Во время обеда Донна болтала о своей работе в библиотеке. Джейсон болтал о баскетболе и хоккее. Хансен слушал их и думал о своем следующем ходе в довольно интересной шахматной партии, в которой ему пришлось принять участие. Как-то раз Хансен поймал себя на том, что обводит взглядом столовую — картины, отблеск стекол книжных шкафов из соседней комнаты, дорогая мебель, дельфтский фарфор. Досадно, очень досадно, что все это скоро погибнет в огне. Но Джеймс Б. Хансен никогда не позволял себе ставить на одну доску материальное имущество с куда более важными духовными ценностями.
После обеда он намеревался спуститься в свой кабинет, взяв с собой сотовый телефон на тот случай, если позвонит Брубэйкер или Майерс, и точно решить, что необходимо будет сделать завтра и в несколько следующих дней.
Курцу этот обед показался странным — много спагетти и ростбифа, и соуса, и мягкого хлеба, и хорошего салата, и кофе — но все равно обед был странным. С тех пор как он в последний раз ел домашний обед вместе с другими людьми, прошло немало времени. Сколько? Двенадцать лет. Двенадцать лет и один месяц. Он обедал вместе с Сэм у нее дома; в тот вечер они тоже ели спагетти, и с ними был ребенок, младенец на высоком стульчике... Нет, не на обычном высоком детском стульчике, там же не было столика — как же Сэм называла его? — трон юной леди. Маленькая Рэйчел, сидевшая на троне для юной леди, непрерывно болтавшая, тянувшая ручонки, чтобы дернуть Курца за салфетку, которую он заправил за воротник, болтавшая даже в то время, когда Сэм рассказывала ему об интересном деле, которое она расследовала: пропажа подростка, похожая и на бегство, и на похищение, и бросающаяся в глаза связь случившегося с торговцами наркотиками.
Курц перестал есть. На это обратила внимание только Арлена, которая сделала вид, что ничего не заметила.
Пруно вышел из ванной отмытый, выбритый, с розовой, как будто ошпаренной, кожей. Его ногти, пусть такие же желтые и растрескавшиеся, лишились извечной траурной каймы. Его редкие седые волосы, которые Курц всегда видел только как своего рода нимб, окружающий голову старого пропойцы, были аккуратно зачесаны. Он оделся в костюм, который вышел из моды, вероятно, два десятка лет назад и был старику совершенно не по фигуре. Костюм мешковато болтался на хилом теле Пруно, но зато оказался совершенно чистым. Каким образом? — удивился Курц. Как удалось этому старому наркоману сохранить чистым костюм, много лет проживая в упаковочных картонках и разных уютных местечках под автострадой?

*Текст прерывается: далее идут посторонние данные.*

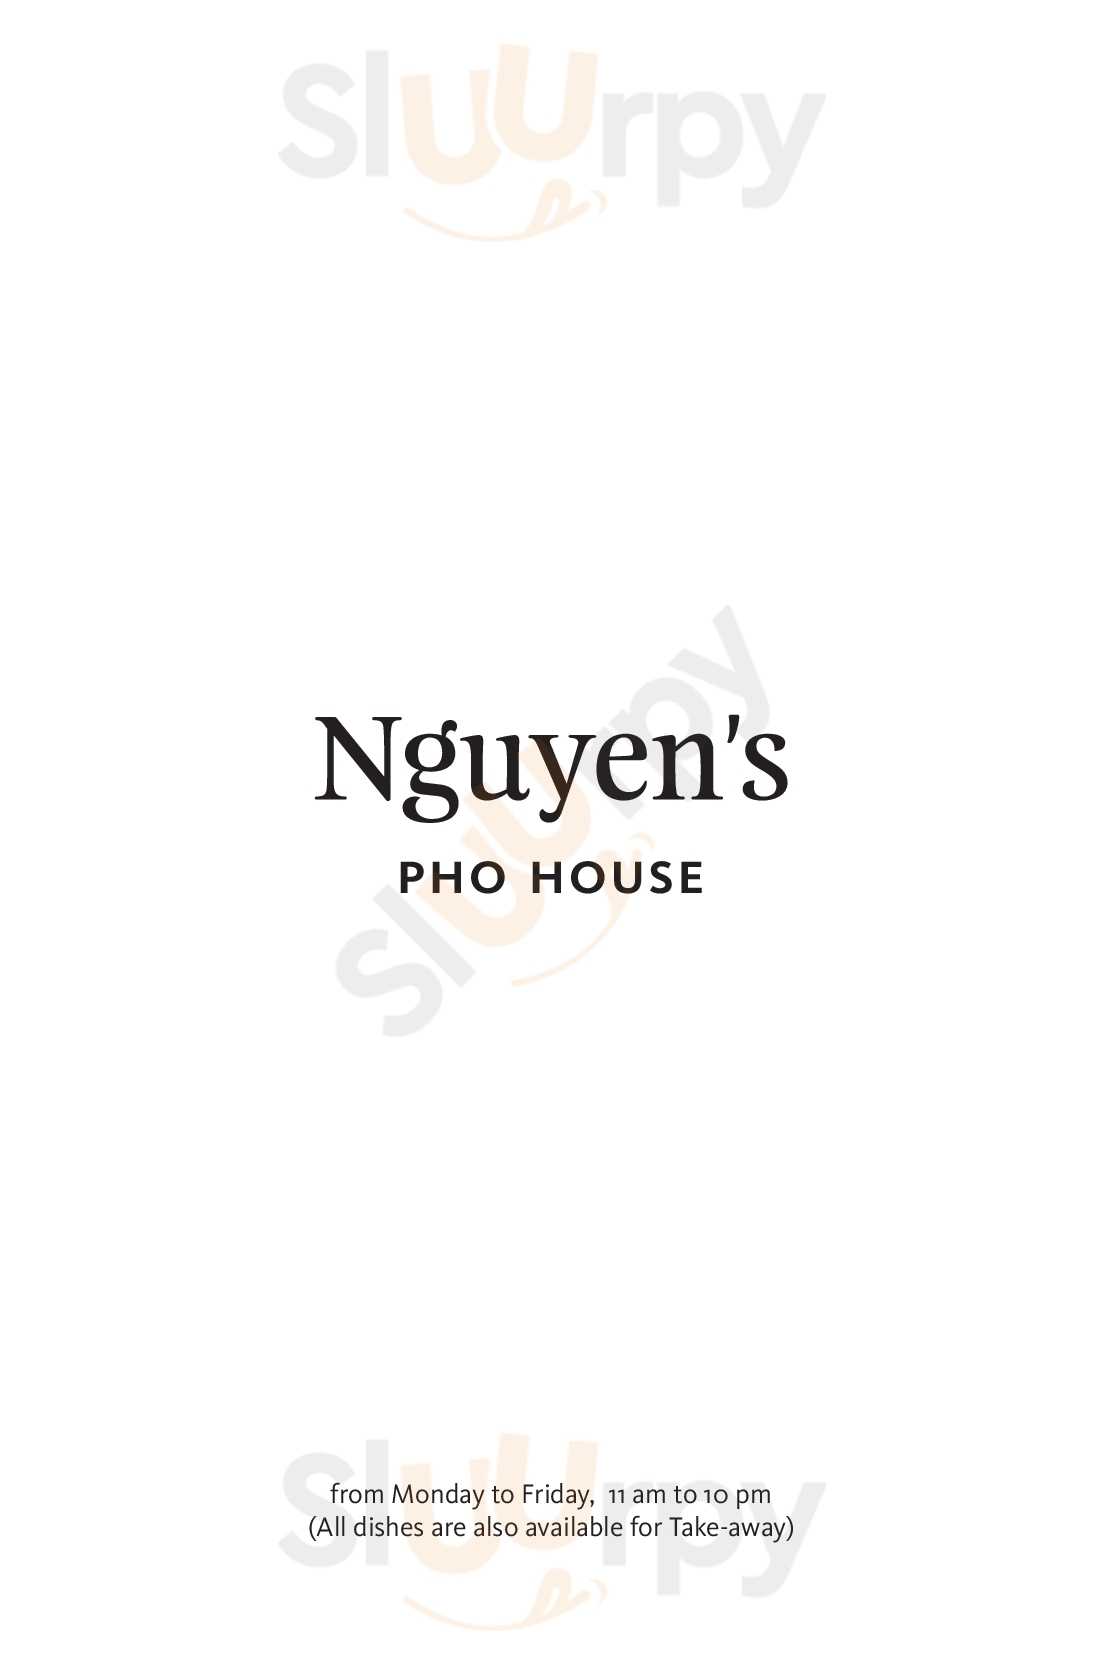 Nguyen's Pho House Wien Menu - 1

Пруно — или доктор Фредерик, как продолжал обращаться к нему Фрирс — без своей защитной скорлупы из грязи и засаленных тряпок казался много старше и выглядел более хилым и более хрупким. Но старик сидел за столом очень прямо, аккуратно ел и пил, вежливо кивал головой в ответ на предложения съесть еще немного и неторопливо разговаривал с Джоном Веллингтоном Фрирсом. Фрирс был его студентом в Принстоне. Умирающий от рака пожилой человек и сидящий рядом его совсем древний учитель, одетый в двубортный костюм в полоску, отзывались о Моцарте как о молодом даровании, обсуждали положение в Палестине и глобальное потепление.
Курц потряс головой. Ему совершенно не стоило пить вина, поскольку он и так уже чертовски устал, а ему необходимо было сохранить ясную голову еще на несколько часов, пока не закончится этот бесконечный день, но то, что происходило, оказалось для него чрезмерным. Эта сцена была не просто нереальной, она была сюрреалистической. Ему необходимо было выпить.
Арлена вышла вместе с ним в кухню.
— У вашей невестки найдется какая-нибудь выпивка? — спросил Курц.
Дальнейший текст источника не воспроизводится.